Two things the shelter should be doing are using proper disinfectants daily that kill any parvo that’s present and clean kennels every time animals are moved, she said. Hanson told DeBolt the staff routinely uses a disinfectant called Halt and uses Rescue when there are confirmed cases of parvo in the shelter. DeBolt said the label on Halt claims it kills parvo, but it actually doesn’t, and staff at many animal shelters don’t realize that.
“Deep cleaning,” meaning more than a daily routine scrub and spray technique, with proper disinfectants such as Rescue, Trifectant and Wysiwash, as much as possible is ideal, but it isn’t an easy reality due to a constant influx of animals and their requirement of more time and money, DeBolt said.

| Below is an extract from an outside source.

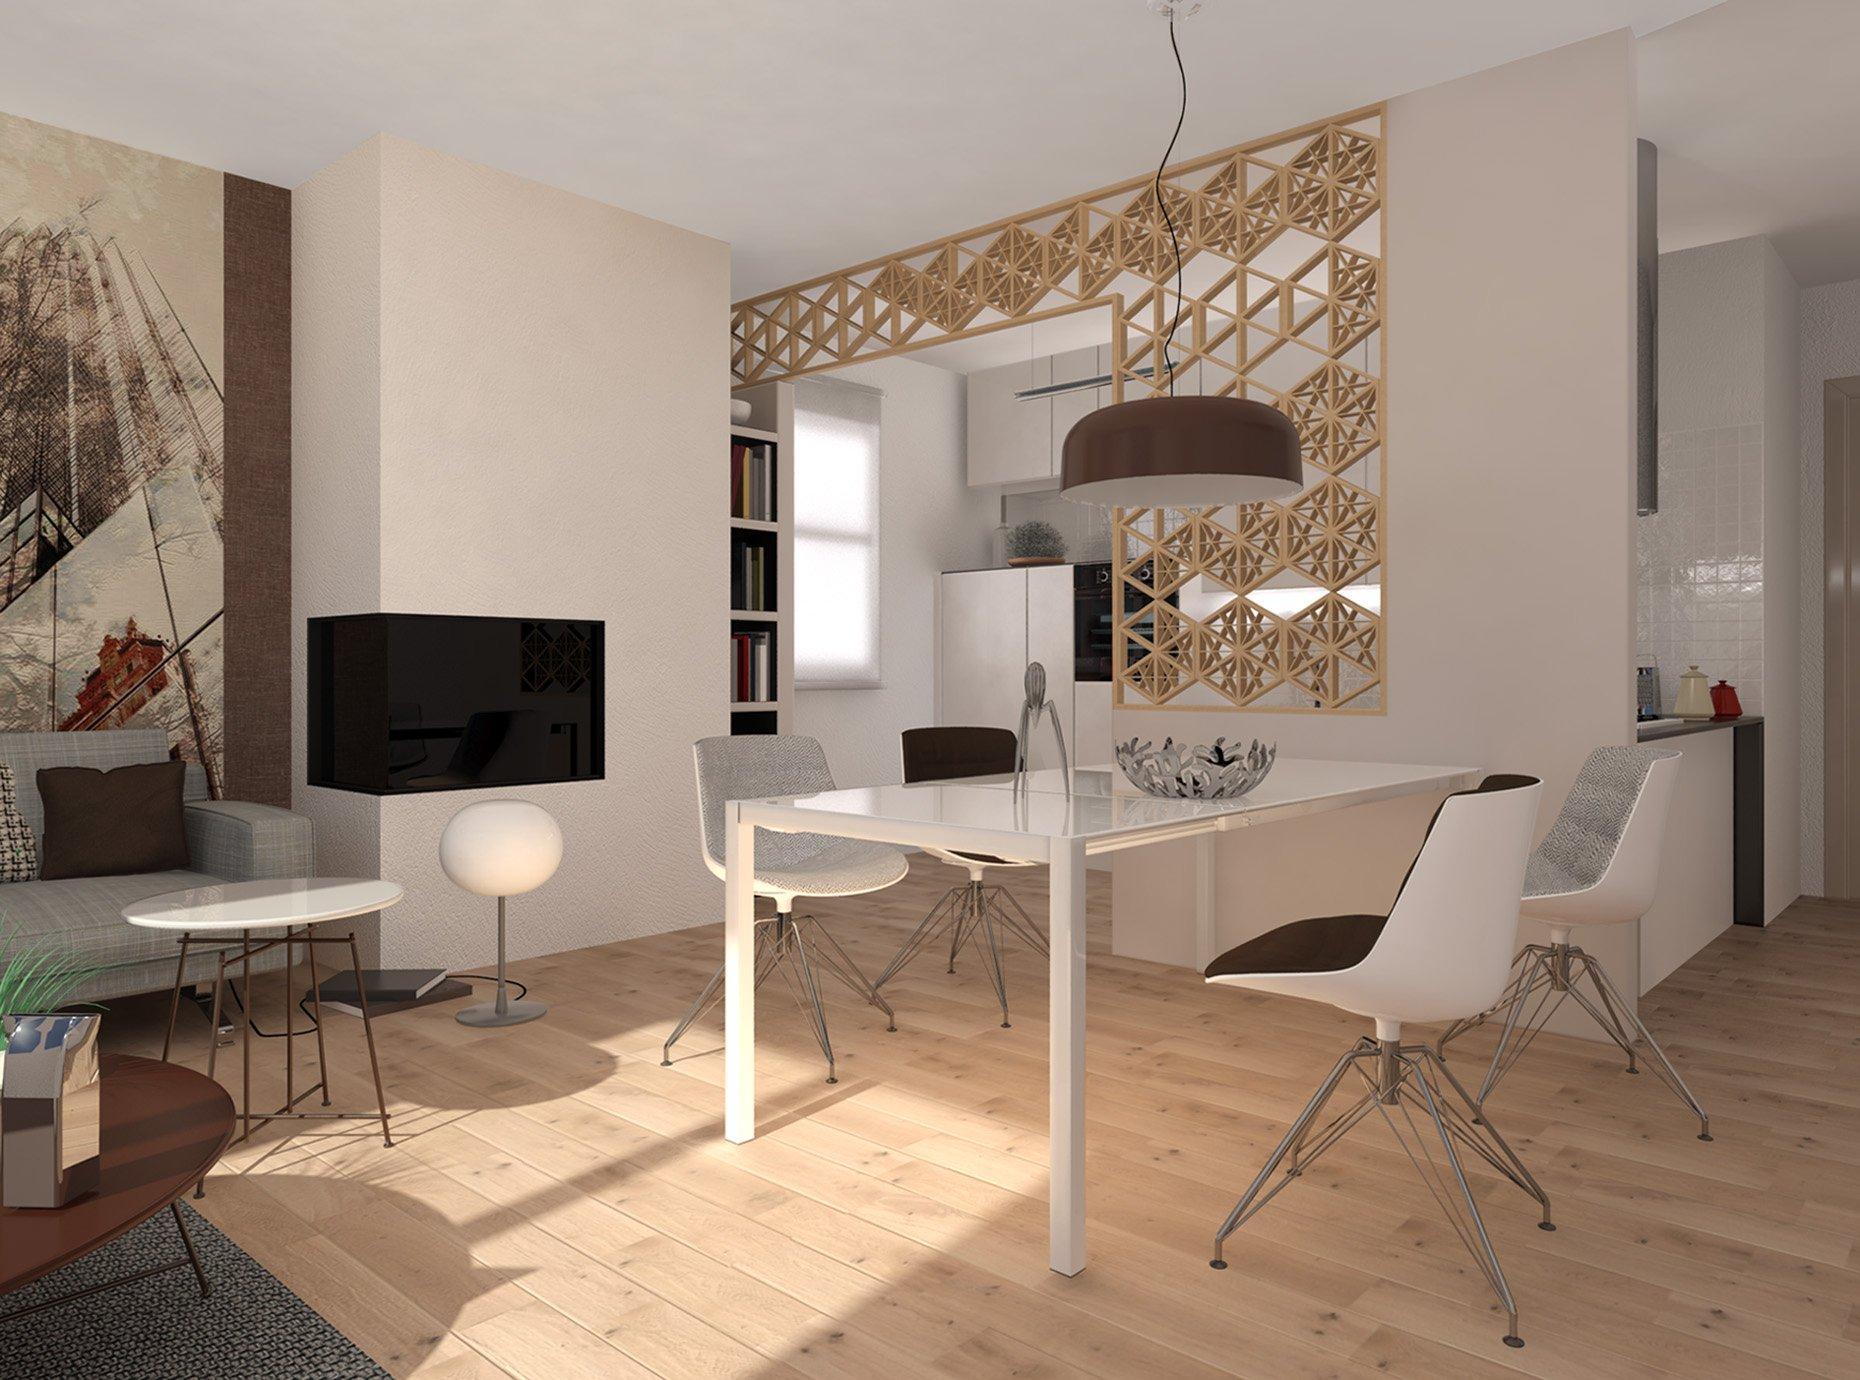 Dividere cucina e soggiorno cose di casa - Arredamento cucina salone ...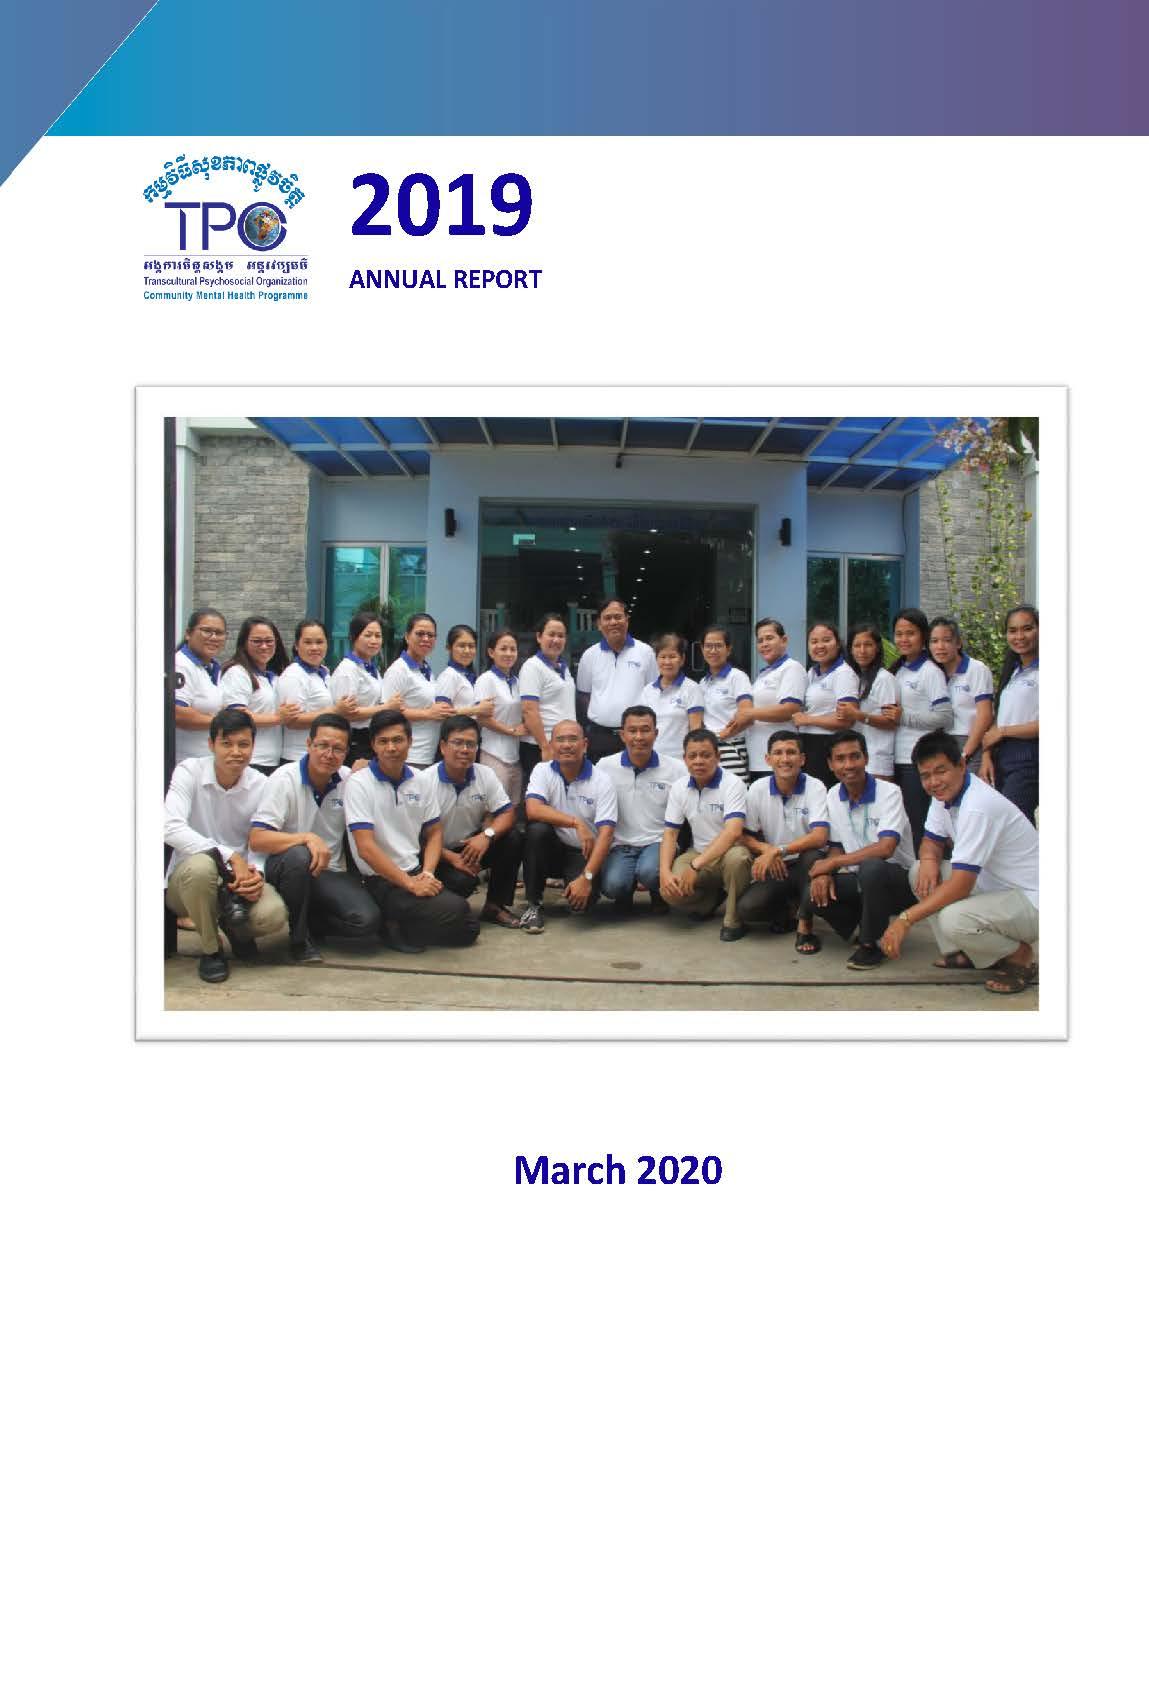 TPO Annual Report 2019

Having the dogs out of their kennels as often as possible during the day to prevent a buildup of feces that they can track around, as well as scrubbing kennels with detergent then rinsing them well and letting a disinfectant sit on the surfaces for as long as recommended before rinsing again, is also ideal, according to DeBolt. She also recommended the staff keep some kennels empty because, if every kennel is full, there is nowhere to put dogs while kennels are properly cleaned.
“Hopefully, the public will understand that — that we’re trying to keep the animals safe even if it’s an inconvenience to the public to have to hold onto an animal for a little bit longer,” she said.
Training and implementation enforcement will be an ongoing process, and DeBolt said she’ll continue to work with the shelter staff.